Case Report
A 67-year-old man was seen in surgical oncology clinic with a 6-month history of intermittent hematochezia and a new, palpable perineal mass (Fig 1). His previous surgical history was notable for two prior perineal abscesses. The first was 10 years prior and resolved after incision and drainage. The second was 3 years prior to this visit and did not respond to incision and drainage, requiring subsequent draining seton placement. The operative findings at that time revealed a complicated, intersphincteric fistula in ano. He was discharged from surgery clinic after an appropriate convalescence at 2 weeks.
Fig 1.
He had no interval follow-up for 3 years until he presented with hematochezia. He had no change in stool caliber or constitutional symptoms. His past medical history was notable for diabetes, cerebrovascular accident, and hyperlipidemia.
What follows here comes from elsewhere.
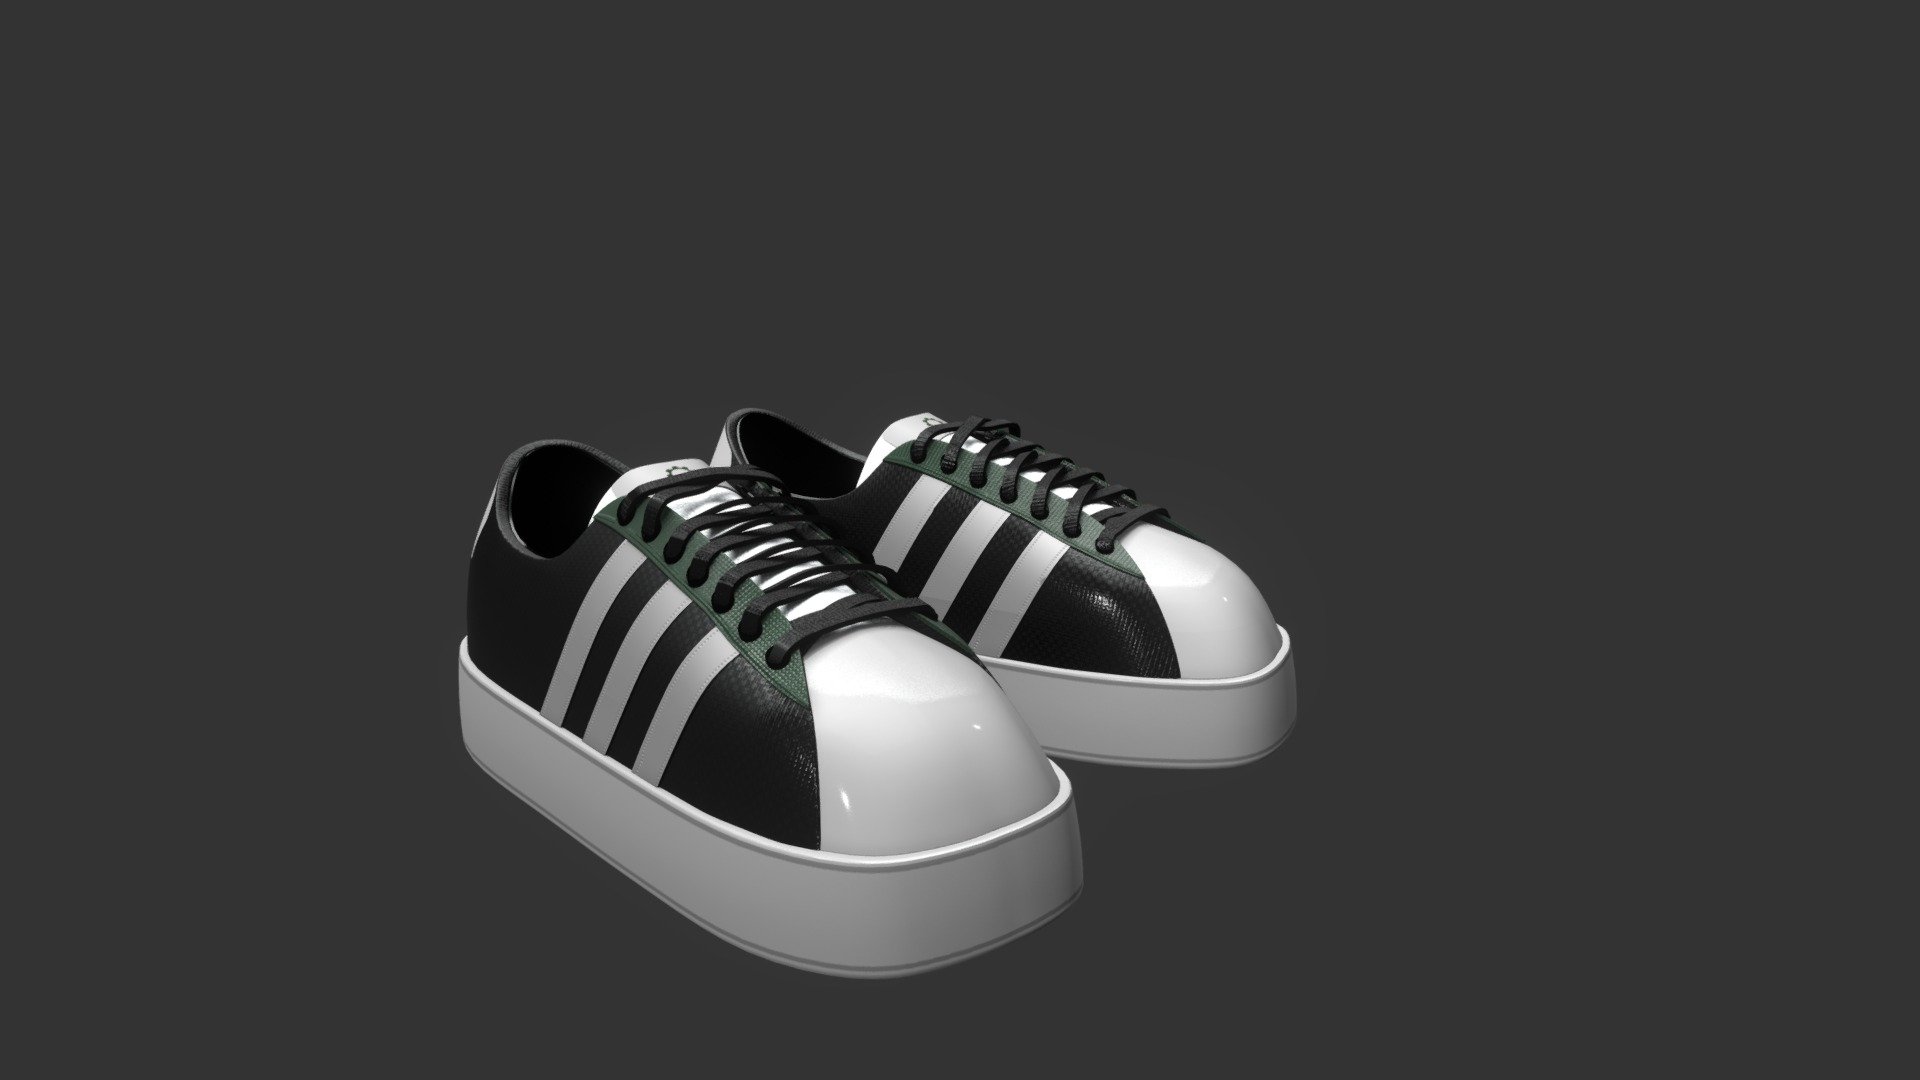 Model 3D - Shoes, works in Blender, texturing in Substance Painter 3d model

There was no family history of colon cancer.
Physical exam was remarkable for a 6 × 5-cm lesion in the left anterior perineum extending to the base of the scrotum, near the anal verge, and grossly separate from his anal canal. Laboratory findings included carcinoembryonic antigen of 2.0 ng/mL (normal, < 2.5 ng/mL). Punch biopsy of the perianal mass performed at initial presentation demonstrated adenomatous polypoid lesions with ulceration of the surrounding epidermis and dermis but no evidence of invasion of those polypoid lesions into dermal connective tissue. Colonoscopy revealed two diminutive hyperplastic polyps. No fistula or malignant intraluminal colorectal mass was found. Endoscopic ultrasound (EUS) was performed and did not show extension of this mass into the anal canal. Core biopsies guided by palpation were performed at the time of his colonoscopy and once again showed adenomatous tissue without evidence of invasion into adjacent dermal structures.
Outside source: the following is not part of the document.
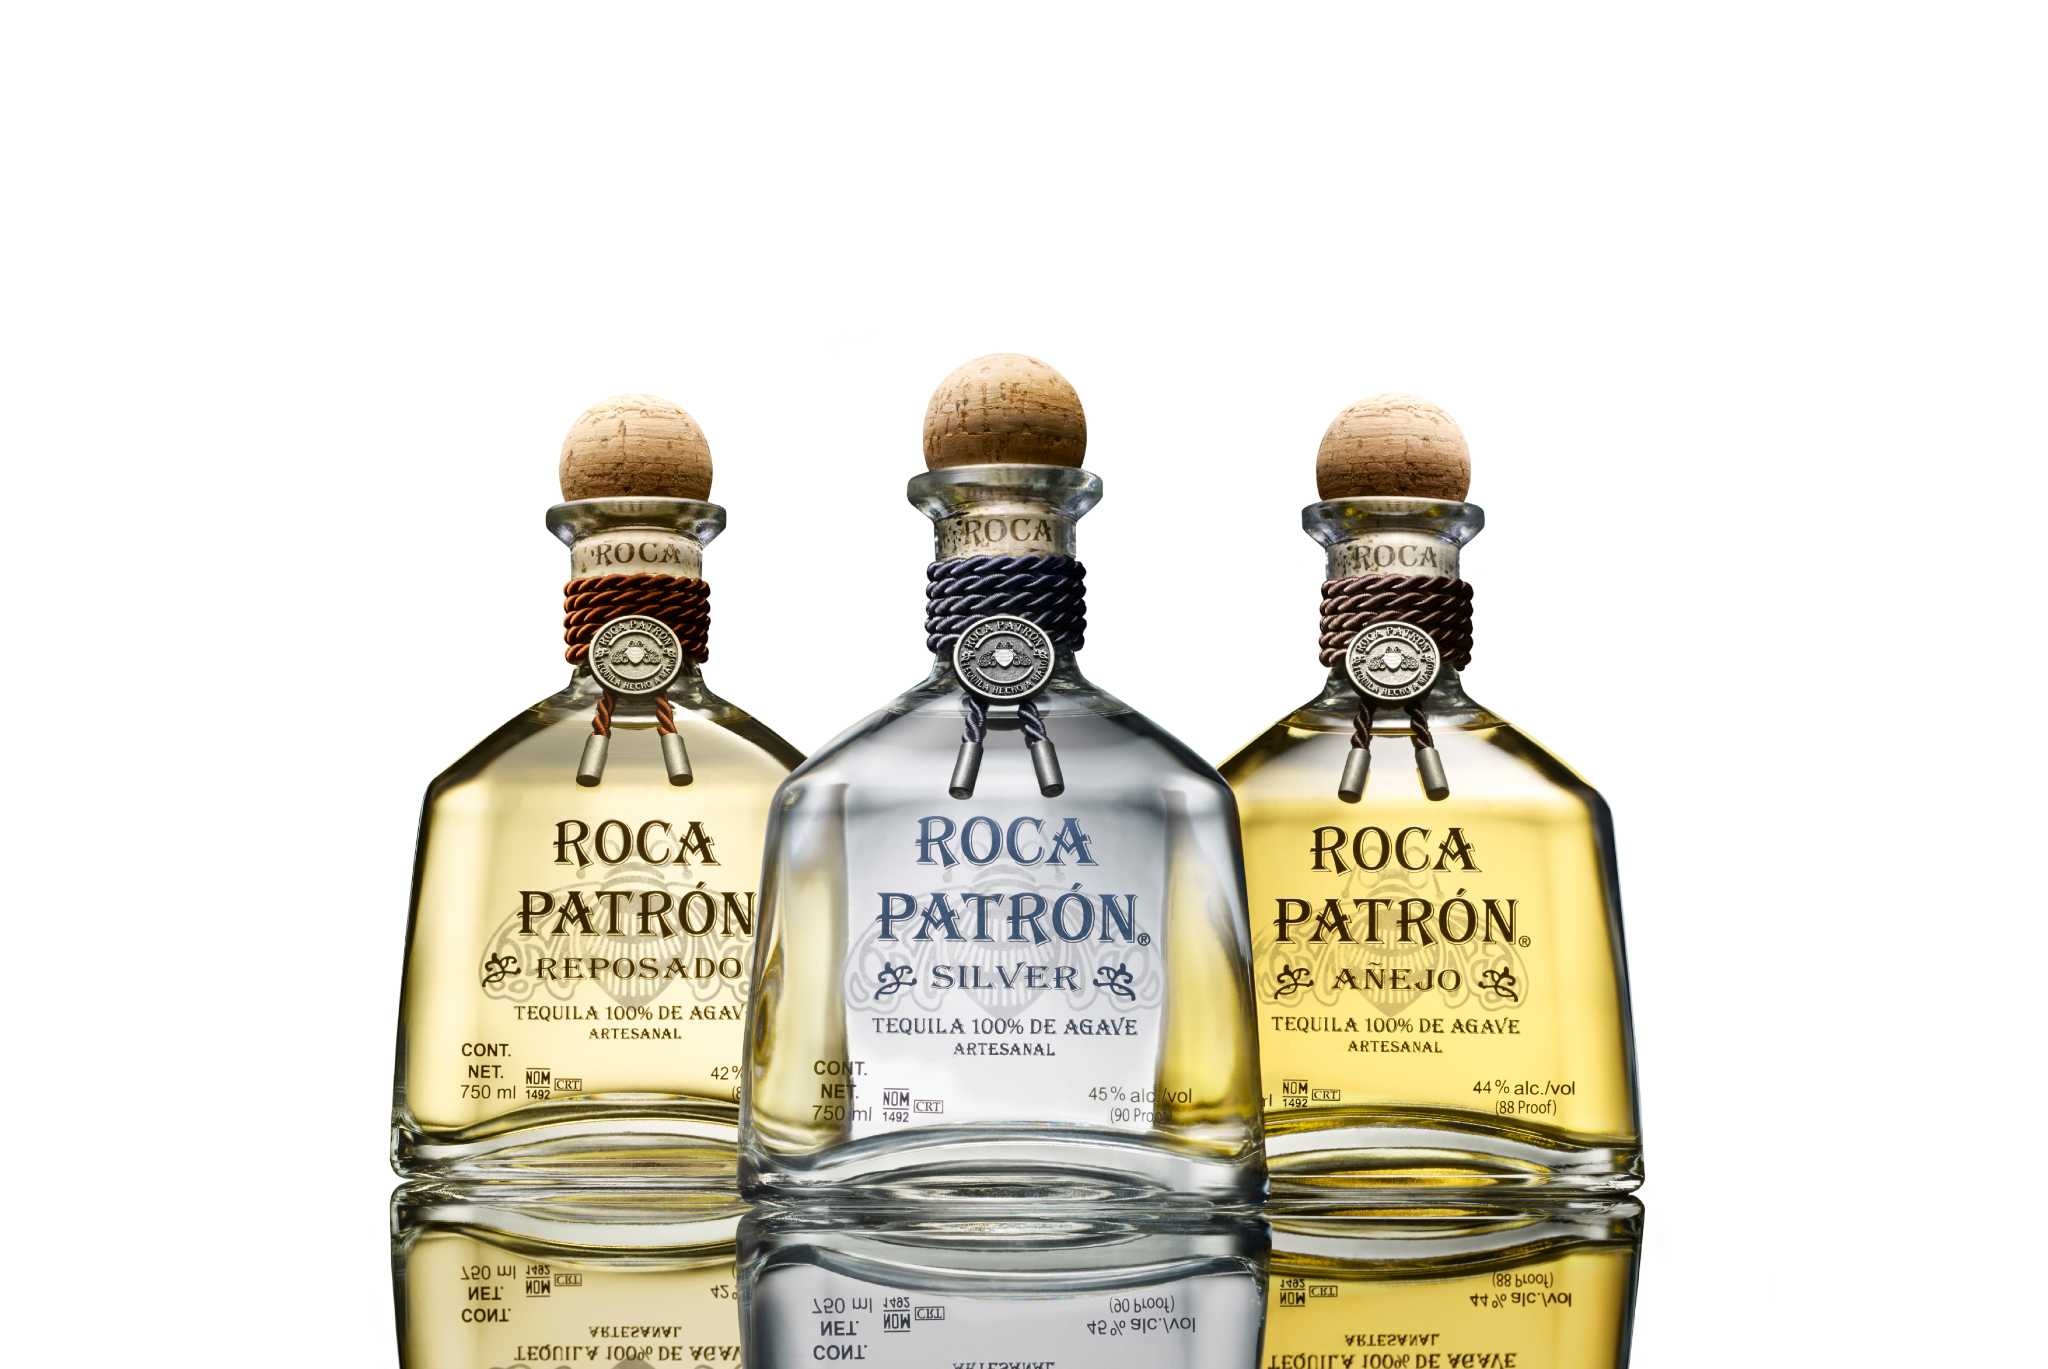 Patrón rocks its new, high-end tequila

Management options discussed included abdominoperineal resection (APR) or wide local excision. The patient was counseled that APR is generally offered as definitive therapy for perianal adenocarcinoma when it involves the anal canal. In his case, because there was no gross evidence of anal canal involvement, wide local excision could be considered for definitive diagnosis and as potential therapy. He strongly declined a permanent colostomy. He thus underwent successful and uncomplicated wide local excision of the perineal mass. Pathology demonstrated invasive adenocarcinoma, well-differentiated with endophytic (Figs 2A) and exophytic qualities (Fig 2B). Abundant mucin was noted in association with the sub-epithelial component. There were scattered foci showing desmoplastic response with morphologic features consistent with progression from a tubulovillous adenoma. However, no colonic mucosa was present in association with the mass. It had features of invasion into dermal connective tissue and focally into skeletal muscle. The margins were negative with the closest being to the external sphincter surface at approximately 1 mm.
Fig 2.
Postoperatively, the patient underwent adjuvant treatment with capecitabine and concurrent external beam radiation therapy to 50.4 Gy, on the basis of multidisciplinary review and National Comprehensive Cancer Network rectal cancer protocols. Surveillance has included clinical evaluation every 6 months with perineal and inguinal nodal exams as well as anoscopy. Follow-up colonoscopy was performed and did not demonstrate any polyps. He has remained free of disease as of 28 months.
Discussion
Perianal mucinous adenocarcinoma can be classified as anal duct, ectopic perianal/ischiorectal, or associated with fistula in ano1 (Fig 3; WLE, wide local excision). The latter two subtypes have been grouped by the World Health Organization as extramucosal adenocarcinoma and currently are pathologically indistinguishable.2 Historically, these pathologic terms have been used interchangeably, resulting in a singular management strategy. Differentiating these subtypes allows for more individualized treatment options.
Fig 3.
Mucinous adenocarcinoma of the perineum was first described by Rosser3 in 1934. Recognizing that adenocarcinomas may originate from chronic fistulous disease, Rosser established three criteria for perianal adenocarcinoma associated with fistula in ano: that the fistula precede the carcinoma by at least 10 years, that the internal opening of the fistula is in the anal canal and outside the tumor itself, and that the only tumor present in the rectum or anal canal should be secondary to direct extension from the carcinoma in the fistula.1 Subsequent case reports have identified other types of perianal mucinous adenocarcinoma, such as those associated with anal ducts or ectopic anal glands.1,4,5 However, no formal diagnostic or classification criteria have been established.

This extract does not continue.